In the Cohere Playground, click on ‘Classify’.

Select the model size of your choice. Our smaller model is faster, while our larger model has a better grasp of language and is more able to capture and replicate the patterns in the input prompt.

Add Examples

Add your labeled examples in the ‘Examples’ section. The first column is for the examples while the subsequent columns are for the associated labels. Our example here consists of two labels, but there is no limit as to how many labels you can specify.

You can also add your labeled examples using a CSV file by selecting upload your labelled examples.

Add at least two examples for each label. The more examples you have, the higher the chance of getting accurate outcomes.

If you are not sure, there are also some preset examples to help you get started.

Add Inputs

Add the inputs you want to classify in the ‘Inputs’ section. Once done, click on ‘Classify’ to start the classification step.

View Results

Once the classification step is completed, you will see the output labels next to the inputs you added.

In the ‘Results’ section, you will also see the confidence levels associated with each output. The confidence level represents the model's degree of certainty that the query falls under a given label. The label with the highest confidence is chosen.

Export Code

Now the code is ready to be exported. Click on ‘Export code’ and you can choose to export from a few different options. You can use this to start integrating the current API configuration to your application.

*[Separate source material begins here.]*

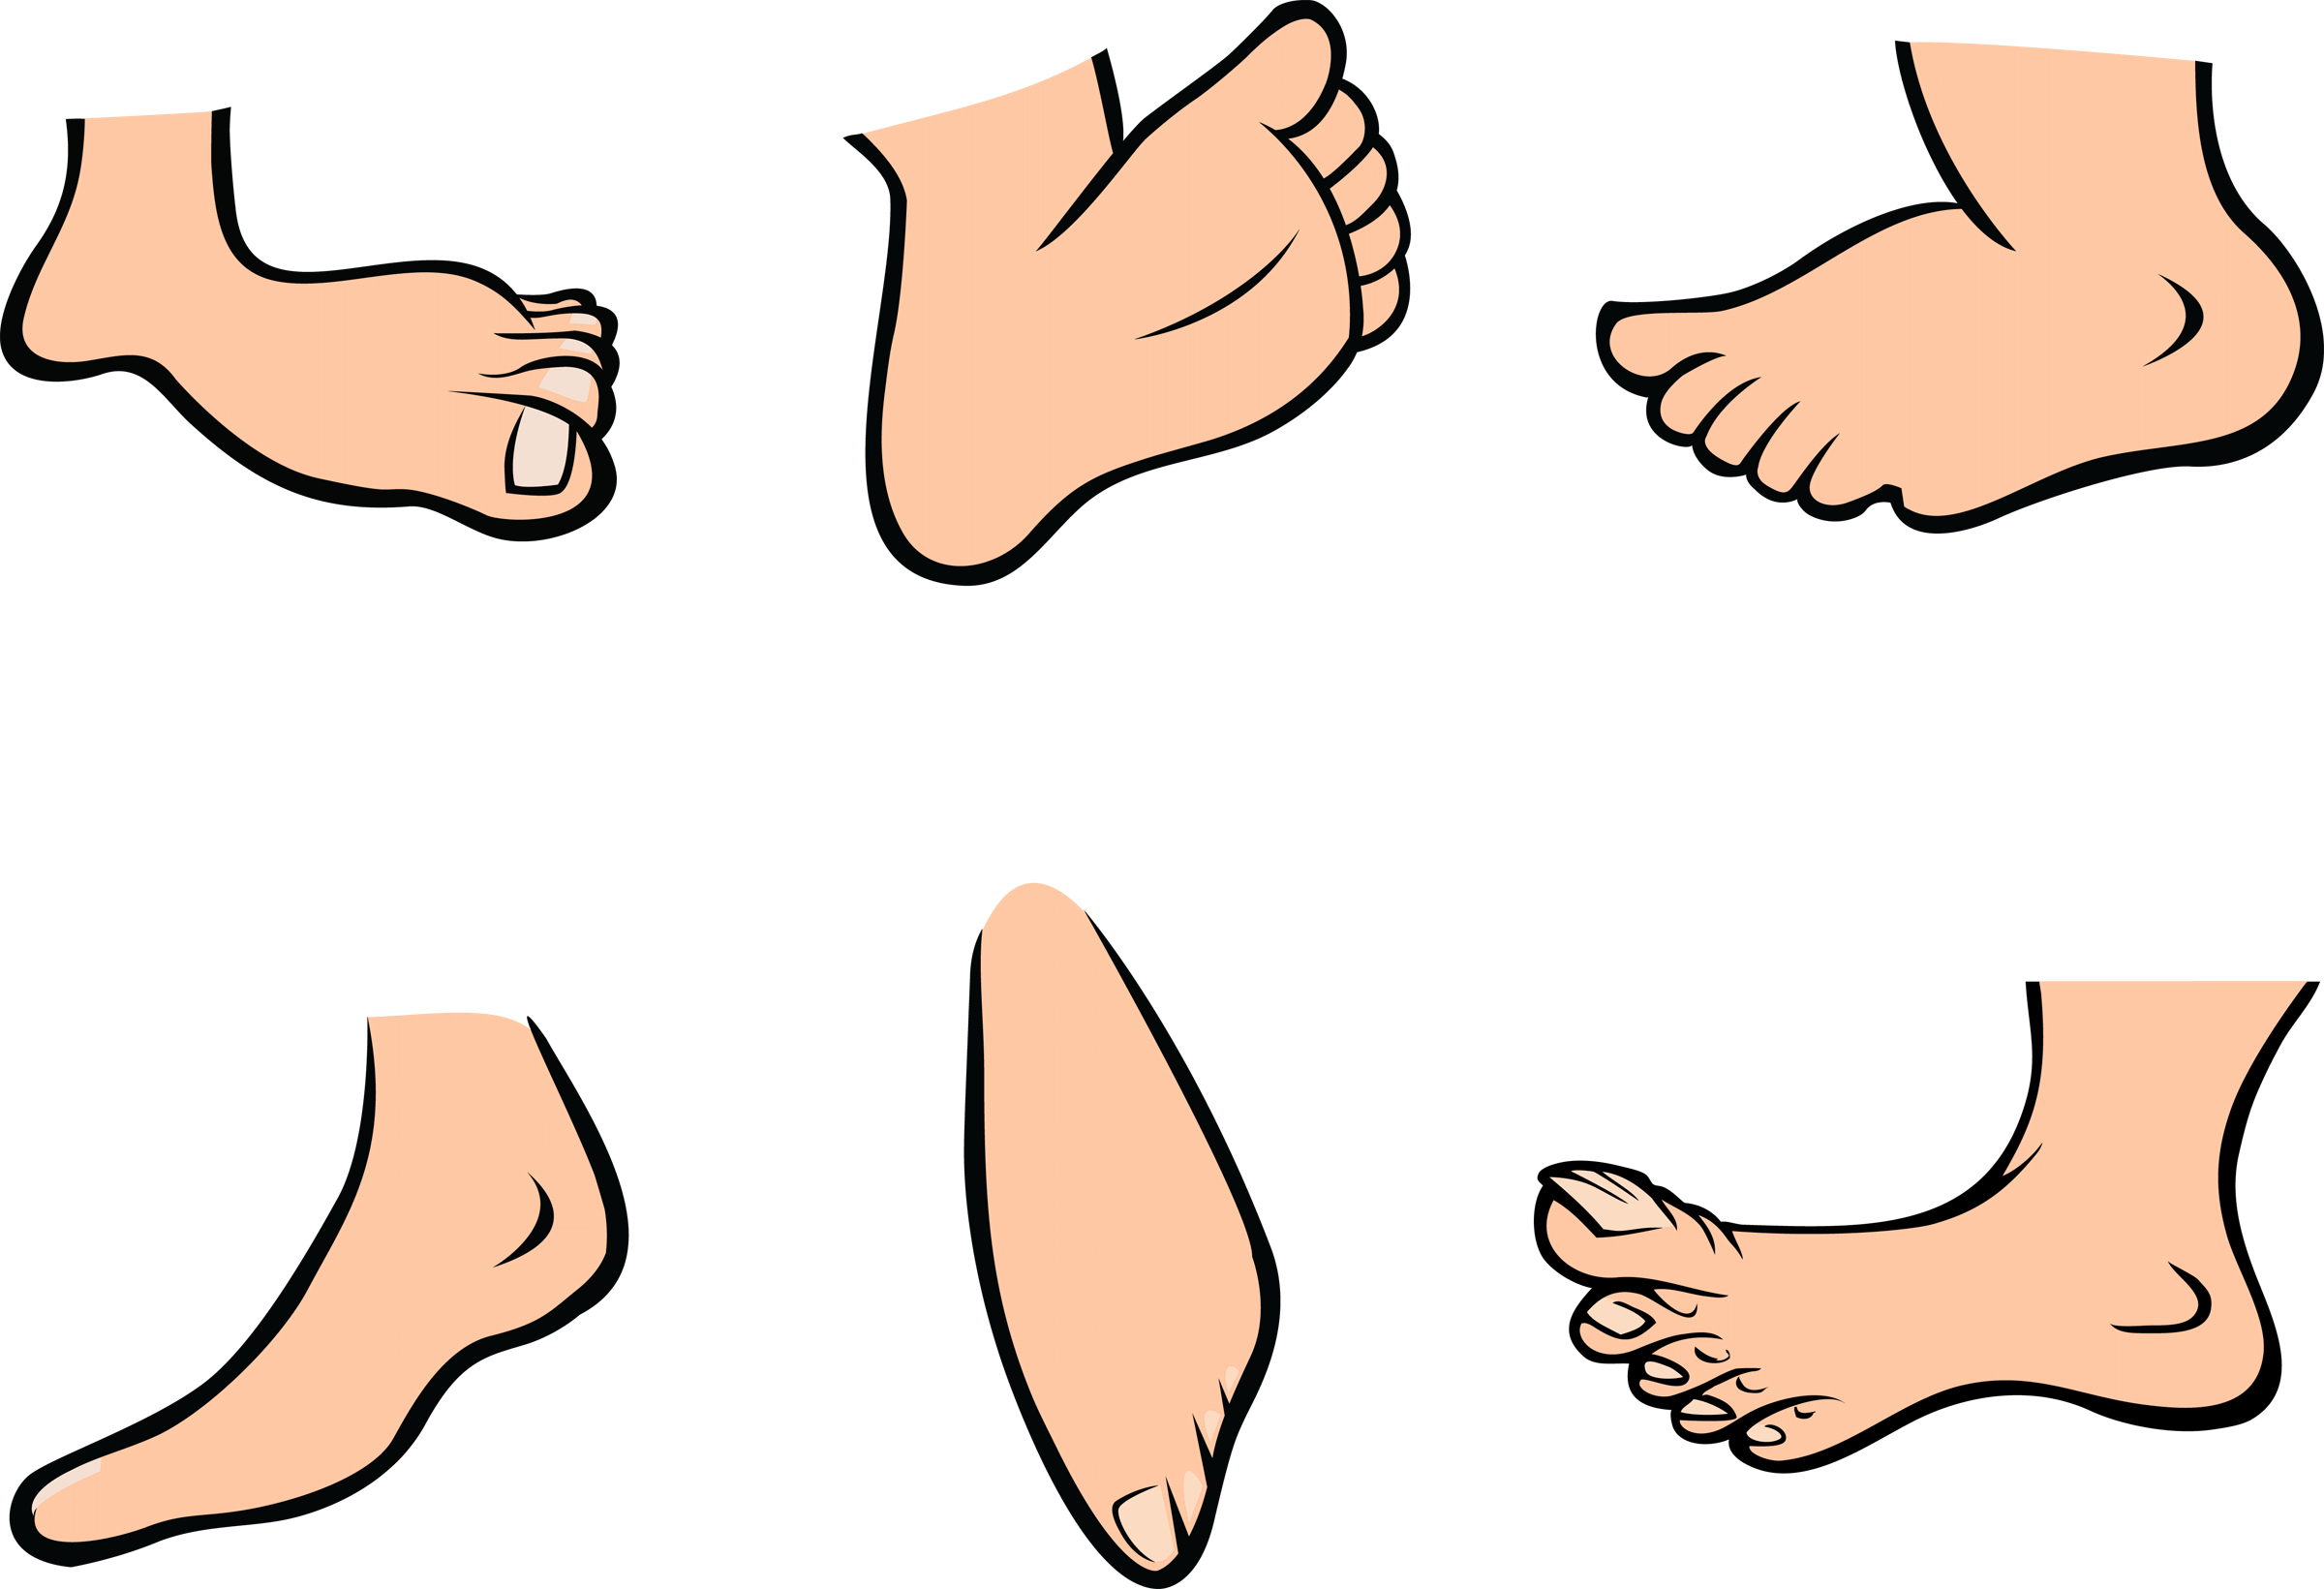 Legs clipart foot stomping. Cartoon feet images free

Training a Custom Classification Model

You can also train a custom classification model if you have a dataset of at least 40 examples (use more for the best results), with at least five examples per label.

A trained model can potentially lead to a better classification performance than a baseline model. See our comprehensive fine-tuning guide to get an overview of what model training is about.

To train a model for your classification task, navigate to the models page and click on Create a custom model.

The subsequent steps are the same as those involved in training a classification model, which are described here.

Training a Custom Multilabel Classification Model

The difference between a single-label and multilabel classification model is that the examples given to the latter can have more than label, and the model can consequently output more than one label.

Here's an example, in which the labels indicate which class a statement is related to:

{"text":"About 99% of the mass of the human body is made up of six elements: oxygen, carbon, hydrogen, nitrogen, calcium, and phosphorus.", "label":["biology", "physics"]}
{"text":"The square root of a number is defined as the value, which gives the number when it is multiplied by itself", "label":["mathematics"]}

As you can see, the first piece of text is about the chemical composition of the human body, and could plausibly belong to either a class on biology or a class on physics. The model can ingest examples like these, and then output multiple labels when given new pieces of text.